::: Given data :::

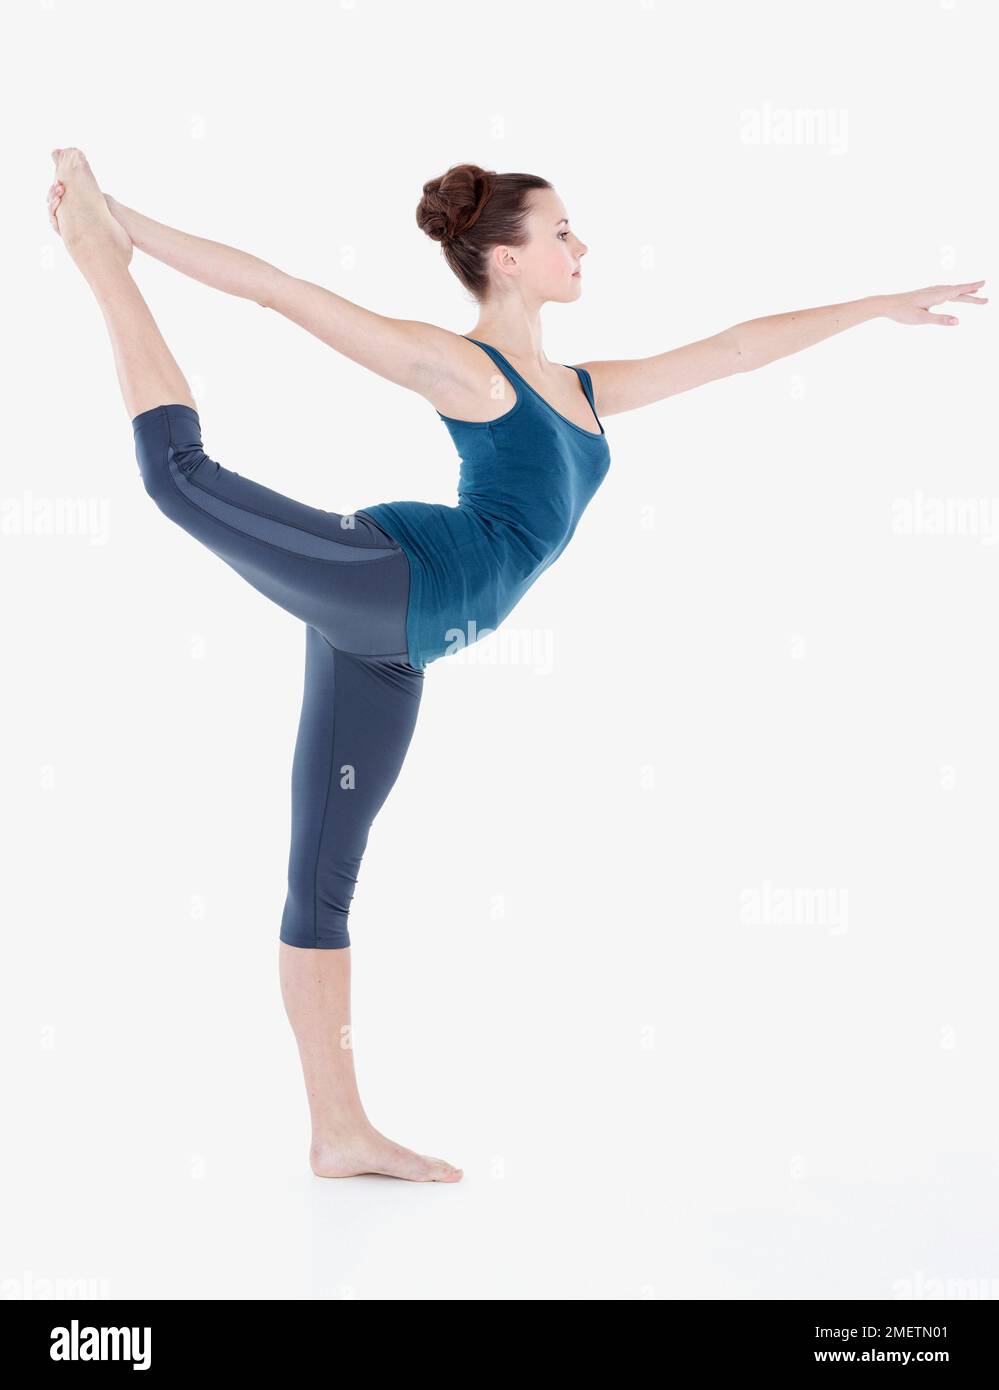 Woman doing gymnastics exercise Stock Photo
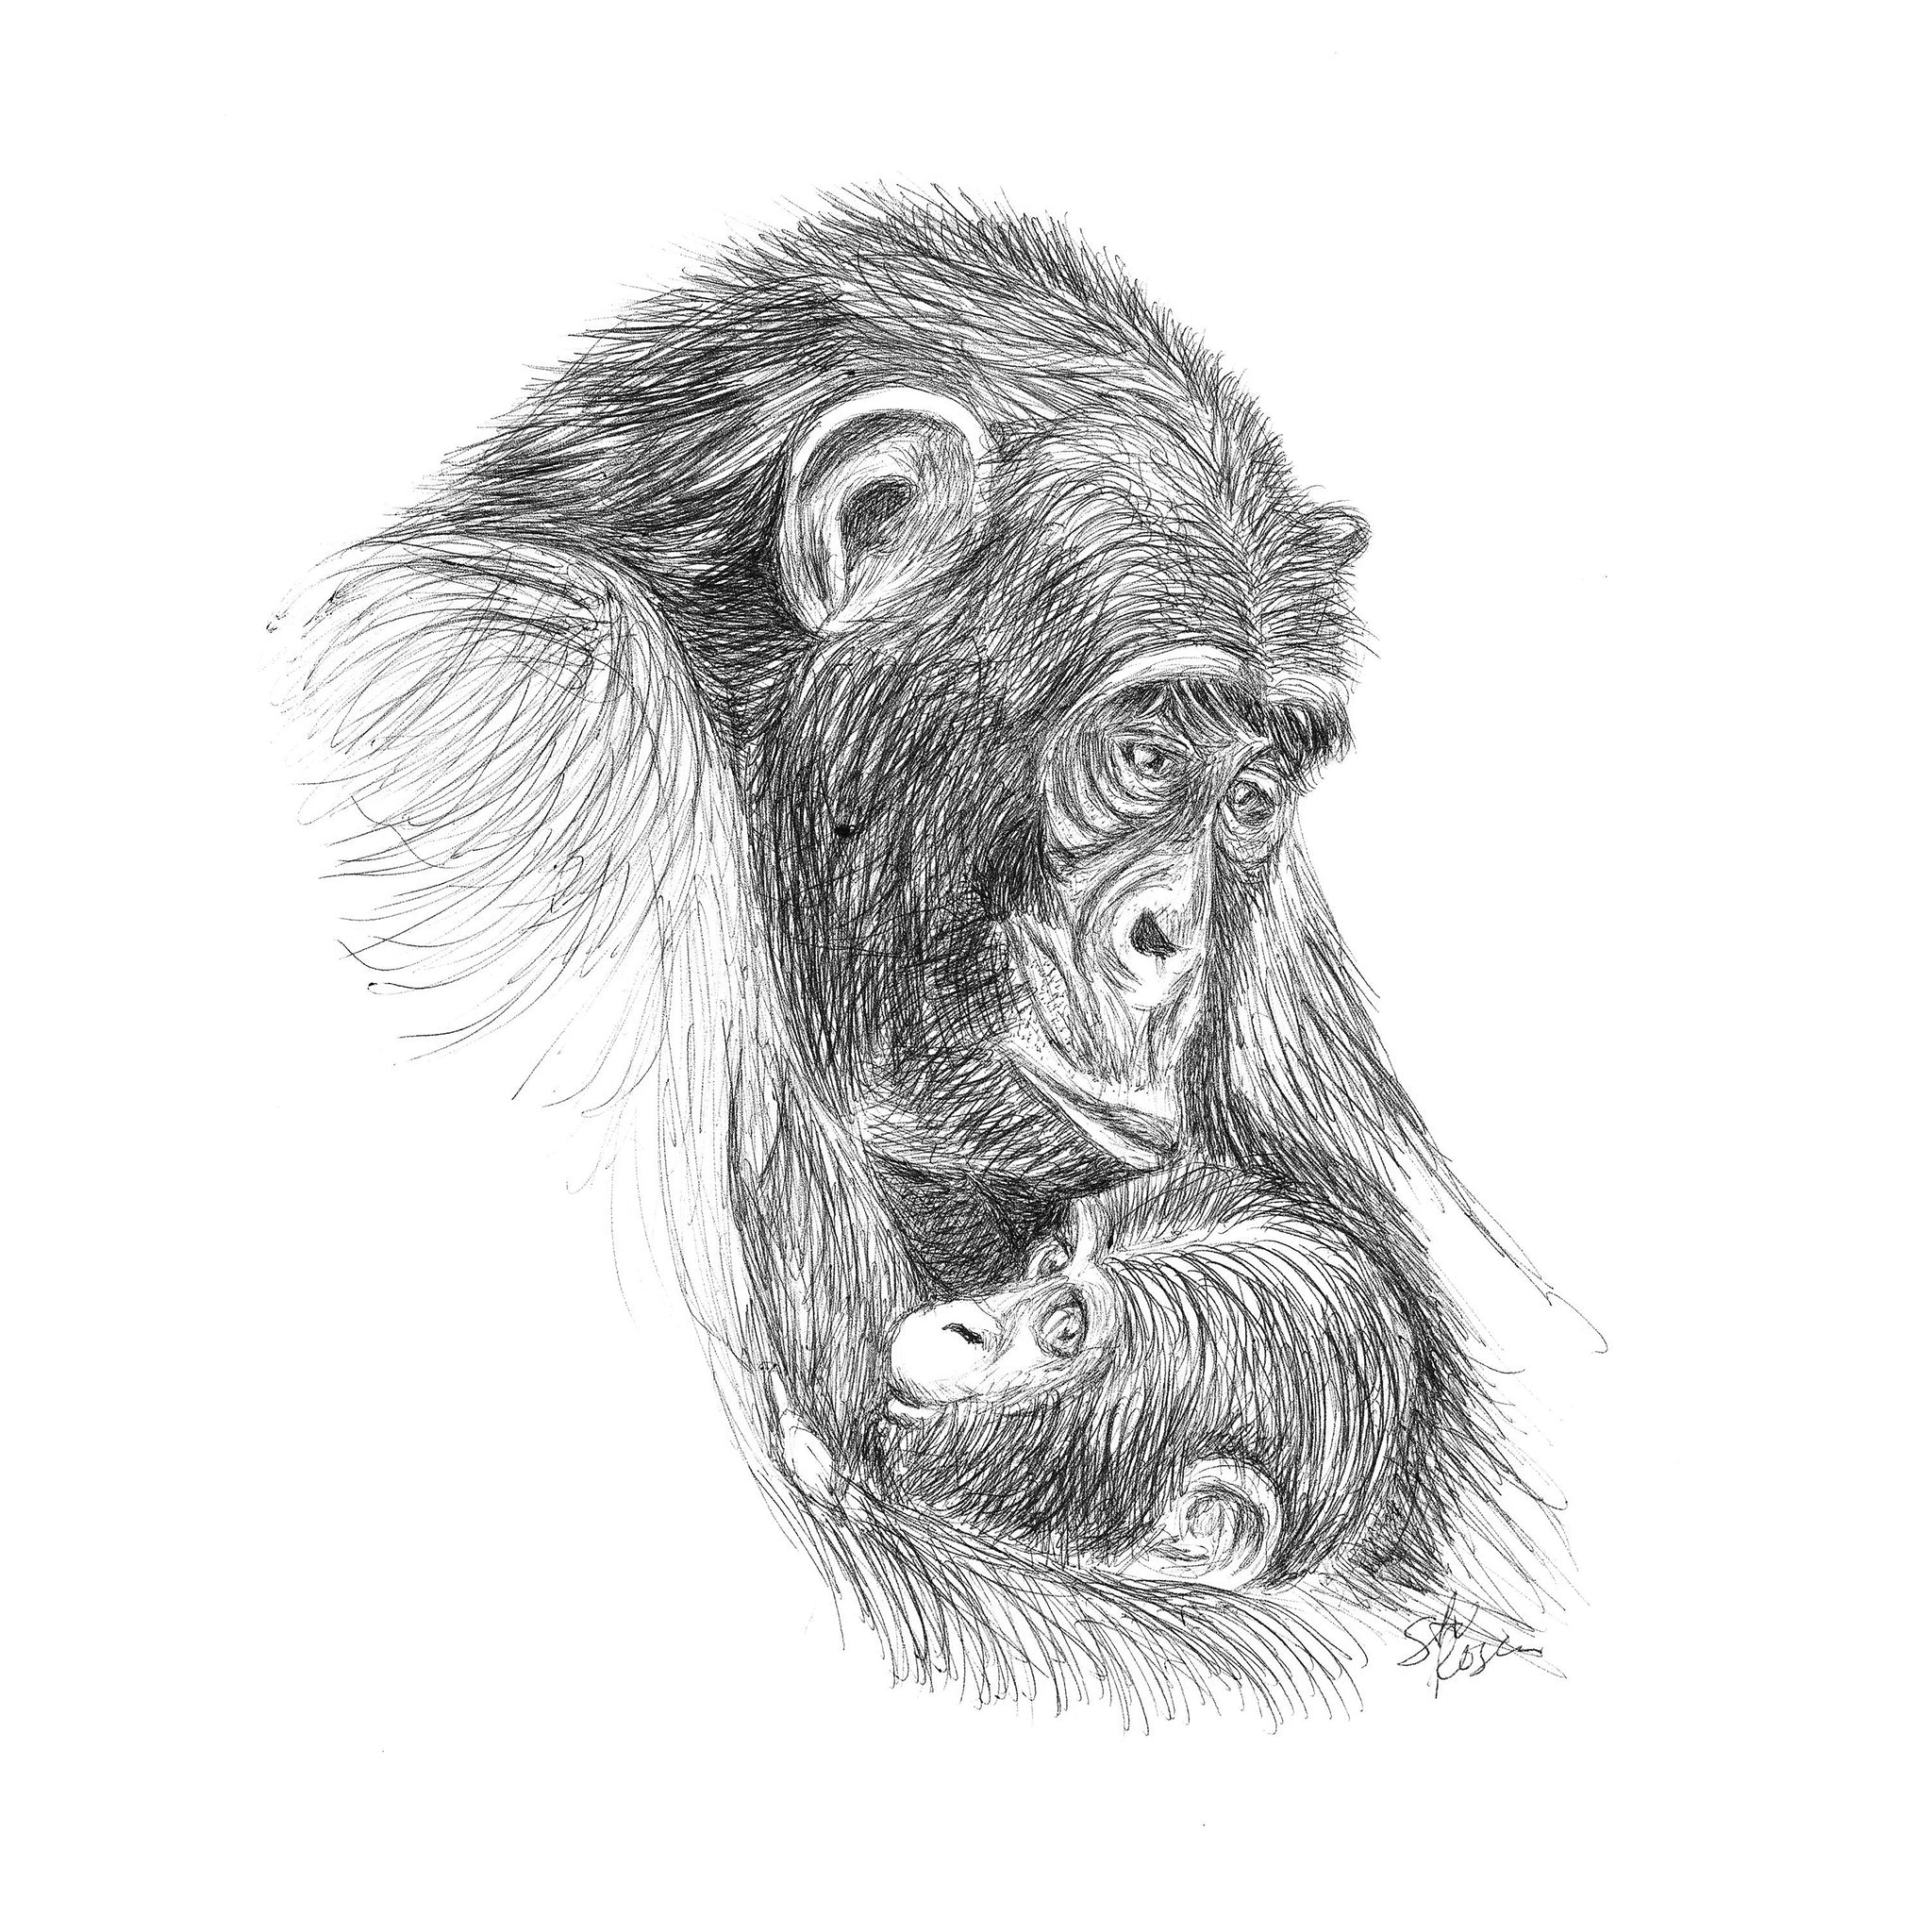 Ape - "A Mother's Love"
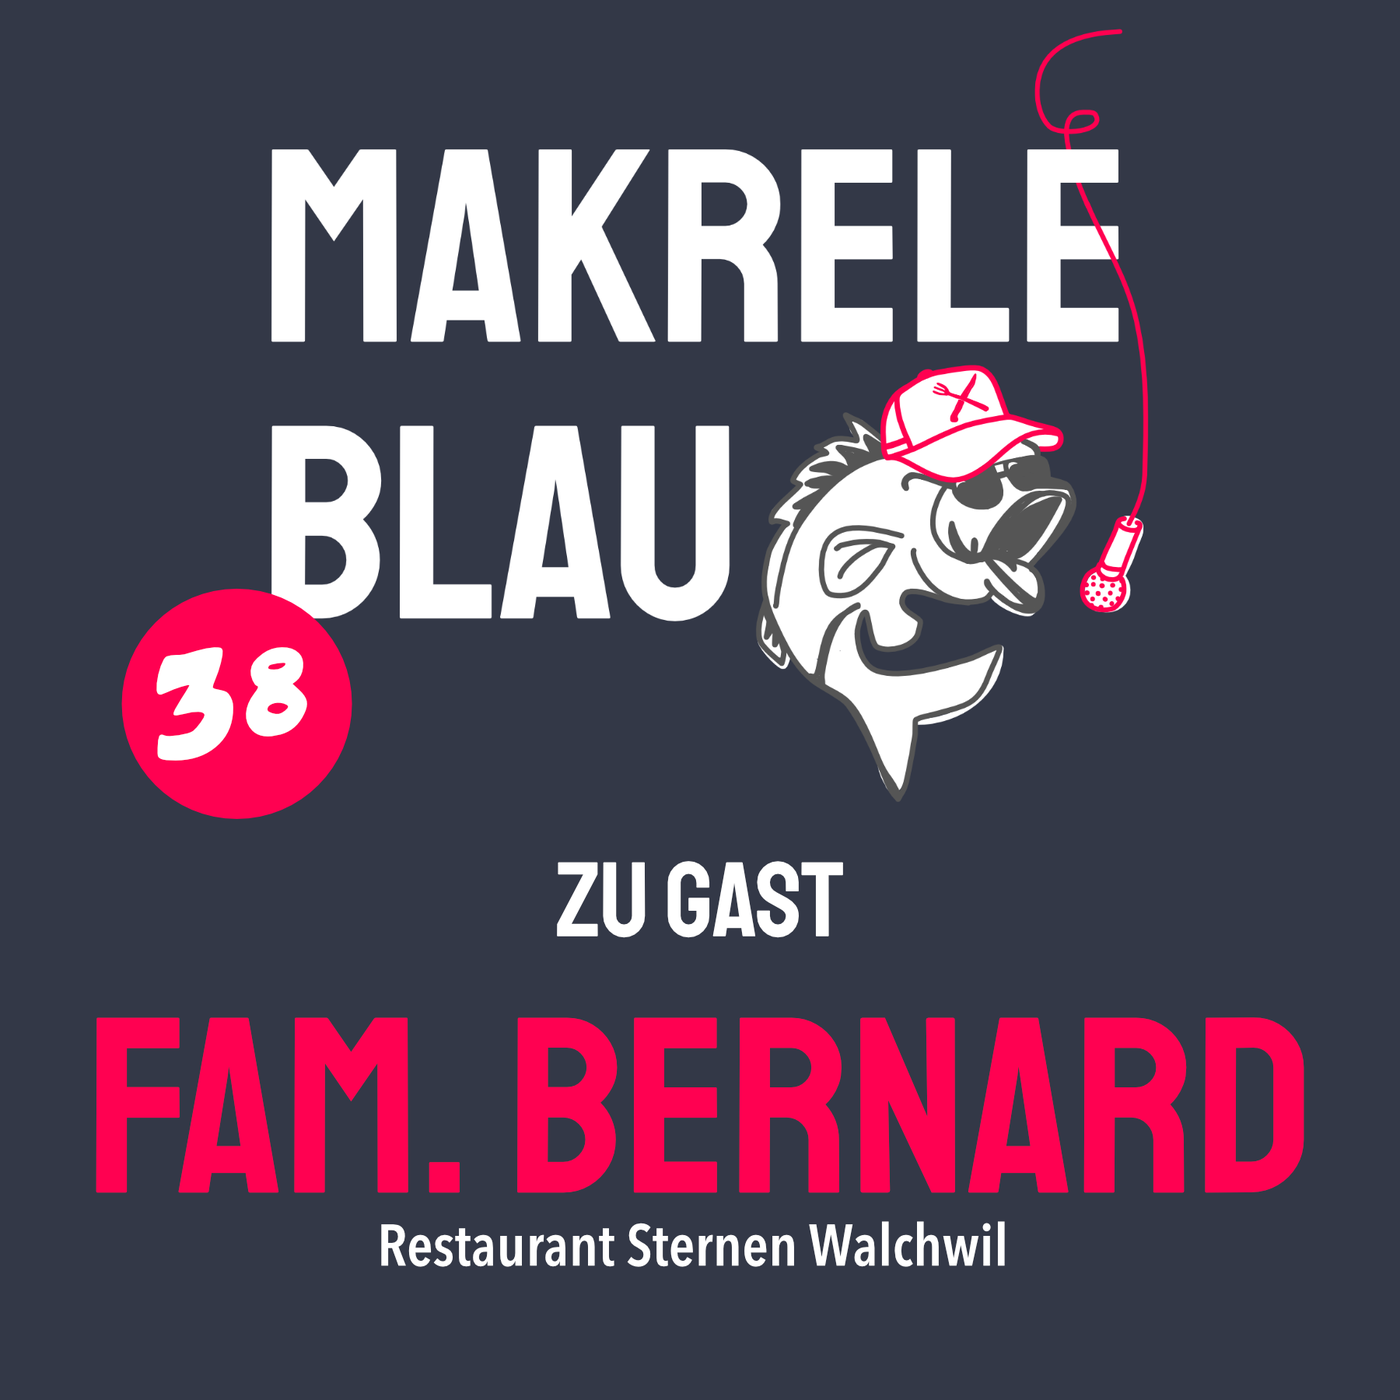 Makrele Blau #38 – We Are Family, mit dä Familie Bernard

:::

▶ Prompt
If the data includes images, skip them and copy every line exactly.

▶ Problem solution
 Woman doing gymnastics exercise Stock Photo
 Ape - "A Mother's Love"
 Makrele Blau #38 – We Are Family, mit dä Familie Bernard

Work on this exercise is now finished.